The effects of political sectarianism can be seen with something social scientists call a “feeling thermometer.” It’s a scale that puts cold feelings at 0 degrees and warm feelings at 100 degrees. If you feel neutral toward someone, they measure 50 degrees.
Over the last 40 years, Americans’ feelings toward members of their own political group have remained relatively stable, around 70 to 75 degrees, according to the American National Election Study.
But there’s been lots of movement when it comes to feelings for those in the other party. Back in the 1970s, opponents registered at 48 degrees, just slightly below neutral. Now, they’re down to about 20 degrees.
In other words, we now hate our opponents more than we love our allies.
That degree of animosity is unmatched among eight other Western democracies — Australia, Britain, Canada, Germany, New Zealand, Norway, Sweden and Switzerland — and by some measures, “it exceeds long-standing antipathies around race and religion,” the experts write in the new report.
This isn’t just an academic concern. Knowing who you like helps predict who you’ll vote for, but knowing who you hate is an even better indicator of how you’ll vote.
This explains why President Trump was probably right when he said, “I could stand in the middle of Fifth Avenue and shoot somebody and I wouldn’t lose any voters.” Your own party’s candidate may leave much to be desired, but those shortcomings can be overlooked if you believe that “the consequences of having the vile opposition win the election are catastrophic,” the authors write.
In this environment, politicians have little to gain — and much to lose — by trying to find common ground with the other side.
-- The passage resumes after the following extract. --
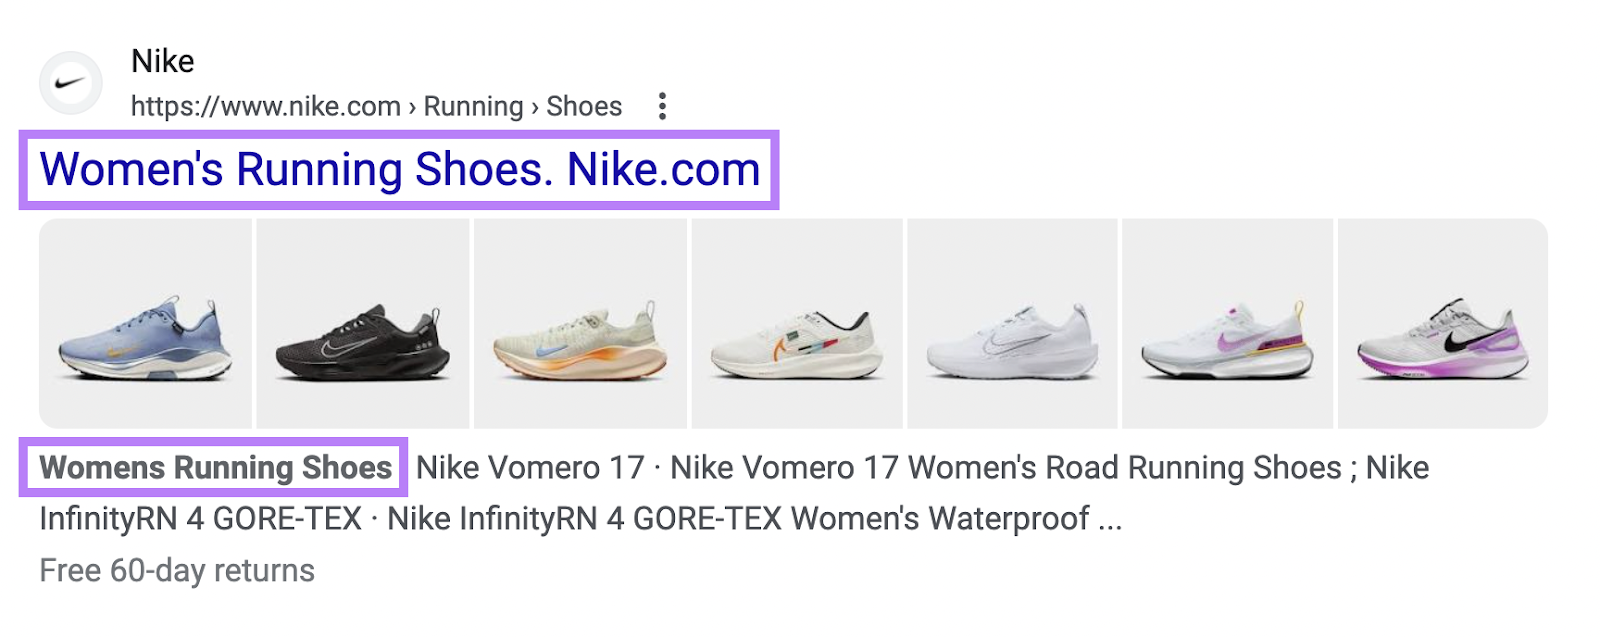 "Women's Running Shoes. Nike.com" result on SERP with "Womens Running Shoes" meta tag

“Issues that are not inherently partisan become politicized,” the authors write. A case in point: the decision about whether to wear a mask to prevent the spread of COVID-19.
If nearly all Americans would wear face masks when they leave their homes, they could save over 100,000 lives by the end of February, a study says.
Masks have come to be associated with Democrats, making Republicans less inclined to wear them. “The result has been lethal and expensive for Americans across the political spectrum,” according to the report.
Efforts to address climate change and reduce the ballooning federal debt are other casualties of this politicize-everything mentality, the experts write: “Political sectarianism cripples a nation’s ability to confront challenges.”
But there is reason for hope, they add. Partisans on both sides are “fed up” with our poisonous politics, and many would surely welcome measures that aim to make civic life more civil.
For starters, it would help to correct the misperceptions people have about those on the other side. The more we get to know each other as individuals, rather than as members of a hated group, the easier it will be to find common ground.
That extends to elected officials. The report’s authors suggest changing campaign finance laws to limit the influence of deep-pocketed “ideological extremists.” In addition, getting rid of partisan gerrymandering would deprive extremists of safe seats in Congress, they say.
They’ve also got ideas for tweaking social media, but it’s not as simple as you might think. Eliminating echo chambers could backfire if seeing the other side’s messages gets one’s partisan juices flowing. Instead, they recommend interventions that prompt people to “deliberate about the accuracy of claims on social media,” because that would make them less likely to pass along information that’s either false or hyperpartisan (or both).
“Political sectarianism is neither inevitable nor irreversible,” they write, though reversing it won’t be easy.
“Any serious effort will require multifaceted efforts to change leadership, media, and democratic systems in ways that are sensitive to human psychology,” they write. “There are no silver bullets.”